Summit Medical Group is recruiting for a Charge Coding Coordinator which ensures that charges are entered accurately, errors are addressed in a timely manner
and all reports are completed. This is a full time opportunity.
Examples of Duties (List does not include all duties assigned)
Posts patient charges to the billing system for assigned site locations, using appropriate codes (ICD-10 / CPT).
Makes corrections to billing information, as appropriate.
Maintain acceptable performance metrics to ensure superior quality of charge submission.
Review charges for appropriate high-risk coding.
Maintains knowledge of carrier specific coding requirements and edits.
Attends training and other meetings as appropriate; keeps current on revisions related to coding and computer skills.
Cross-trains other staff in charge entry functions, skills, and updates, as coordinated with the AR Department Manager or Site Manager.
Maintains work area in neat and orderly manner.
Maintains strictest confidentiality both internally and externally.

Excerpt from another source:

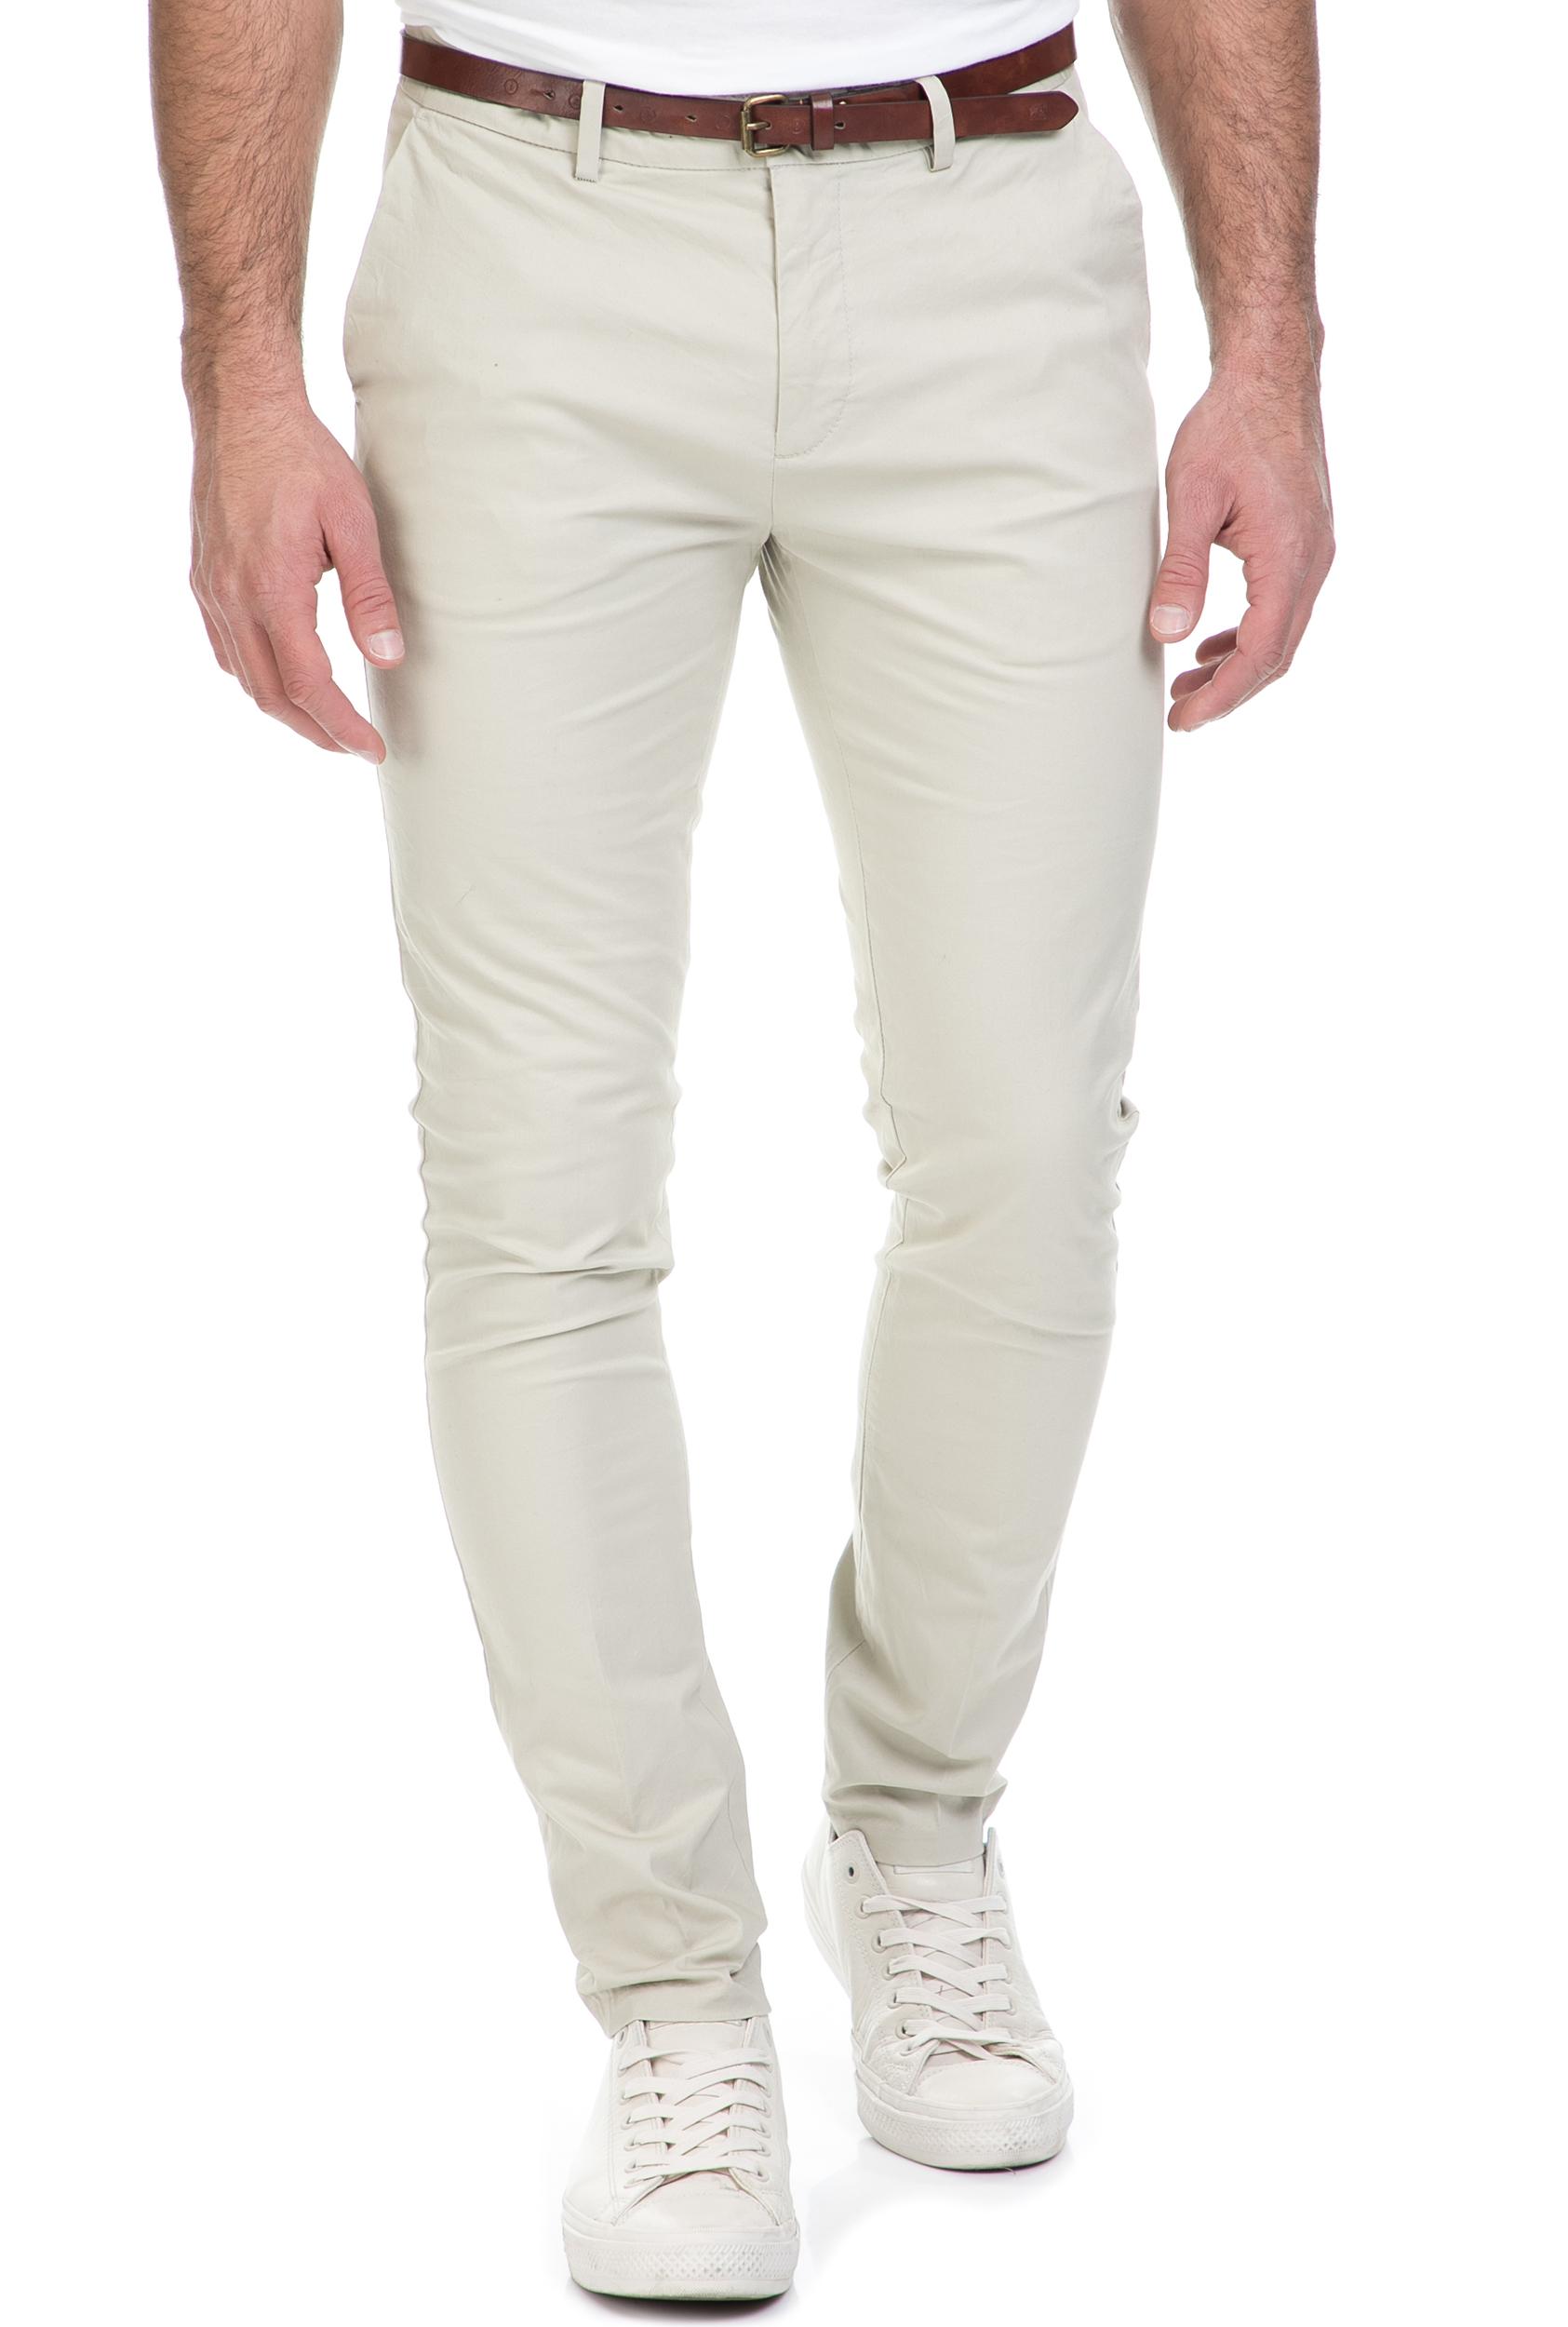 SCOTCH & SODA - Ανδρικό παντελόνι SCOTCH & SODA εκρού ανδρικά ρούχα παντελόνια chinos
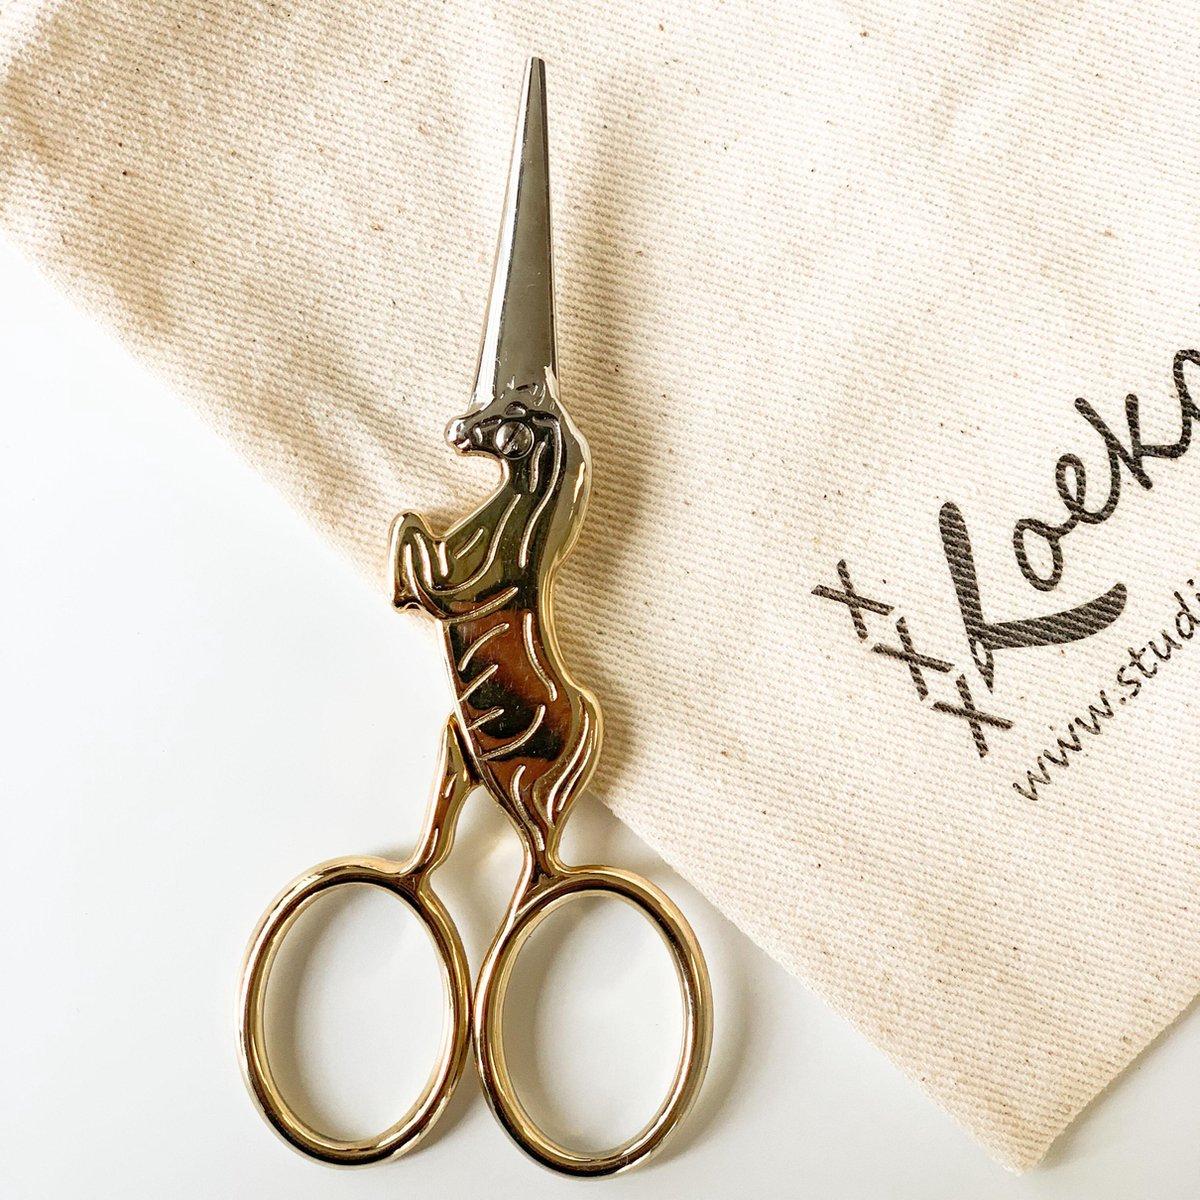 Eenhoorn borduurschaartje met bewaarzakje| Unicorn schaartje 9 cm lang met scherpe punt | Naaischaar | Kado voor naaister | goudkleurig schaartje voor knippen draadjes

Actively participates in site-level Quality Improvement Activities. Each employee will contribute to the continual evaluation site performance as well as the implementation and measurement of improvement activities that increase the quality of care provided to patients.
Maintains Billing and Coding certification.
Performs other duties as assigned.
Education
High School Diploma required.
Experience
Prefer one-year coding experience in a medical office setting or health information associates degree.
Certification/License
Billing and Coding certification required. AAPC (CPC, CRC), AHIMA (CCA, CCS) and NHA (CBCS) accepted.